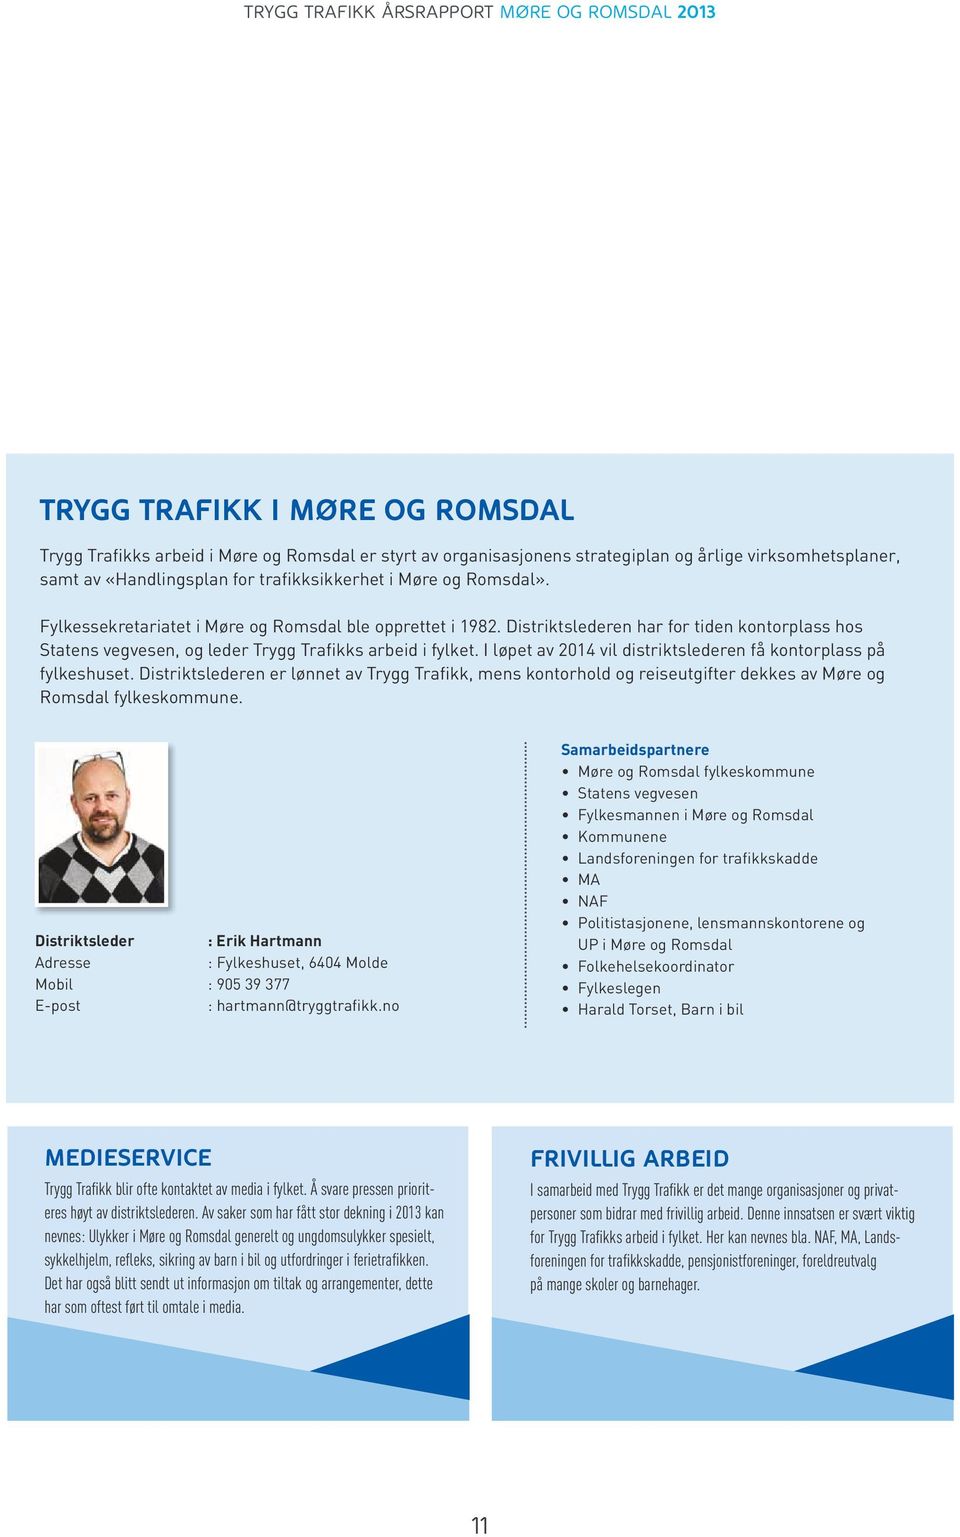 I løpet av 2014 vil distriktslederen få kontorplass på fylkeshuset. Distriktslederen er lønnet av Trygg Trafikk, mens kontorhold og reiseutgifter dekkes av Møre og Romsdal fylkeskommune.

==

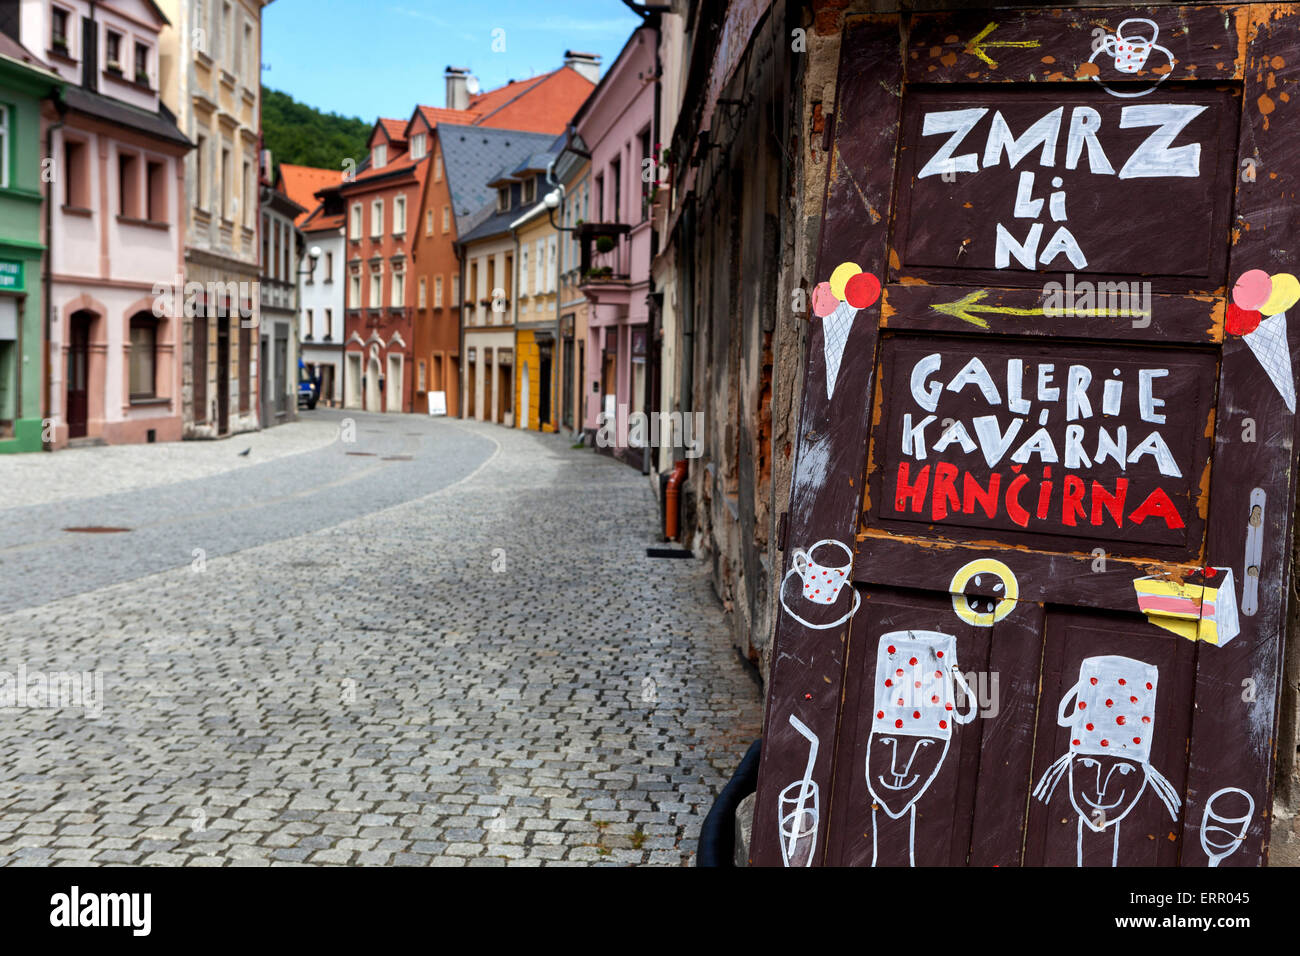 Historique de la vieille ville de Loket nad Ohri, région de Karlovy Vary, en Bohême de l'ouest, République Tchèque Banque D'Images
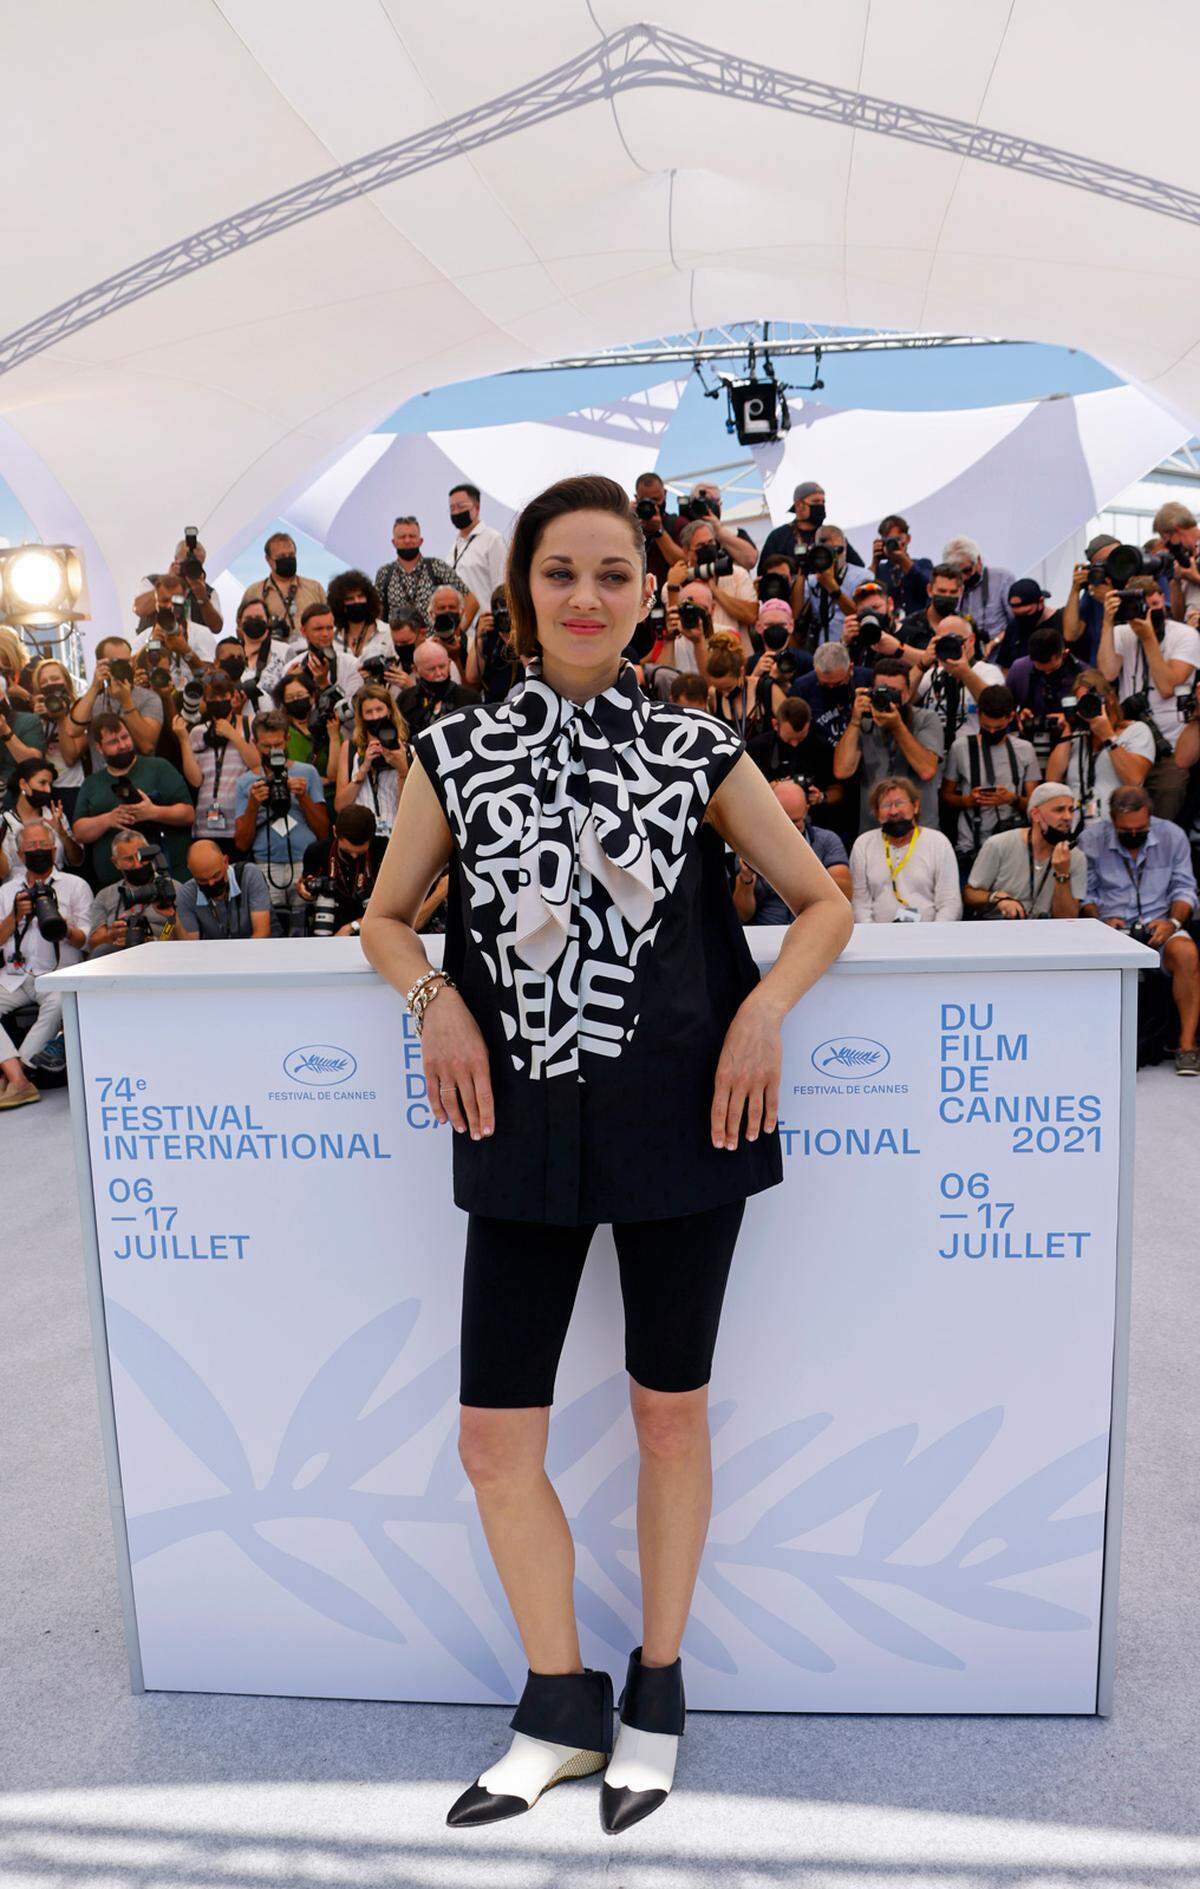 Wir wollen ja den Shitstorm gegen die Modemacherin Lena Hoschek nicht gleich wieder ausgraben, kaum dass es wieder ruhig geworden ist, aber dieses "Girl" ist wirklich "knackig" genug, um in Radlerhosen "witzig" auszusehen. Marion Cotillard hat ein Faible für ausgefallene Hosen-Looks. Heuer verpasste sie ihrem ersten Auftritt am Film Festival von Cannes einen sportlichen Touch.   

== What you are asked to do ==
Return only the part above that opens with the line containing "Historique de la" and closes with the line containing "Wir wollen ja", exactly and with both ends, skipping the pictures.

== Answer to the exercise ==
 Historique de la vieille ville de Loket nad Ohri, région de Karlovy Vary, en Bohême de l'ouest, République Tchèque Banque D'Images
 Wir wollen ja den Shitstorm gegen die Modemacherin Lena Hoschek nicht gleich wieder ausgraben, kaum dass es wieder ruhig geworden ist, aber dieses "Girl" ist wirklich "knackig" genug, um in Radlerhosen "witzig" auszusehen. Marion Cotillard hat ein Faible für ausgefallene Hosen-Looks. Heuer verpasste sie ihrem ersten Auftritt am Film Festival von Cannes einen sportlichen Touch.   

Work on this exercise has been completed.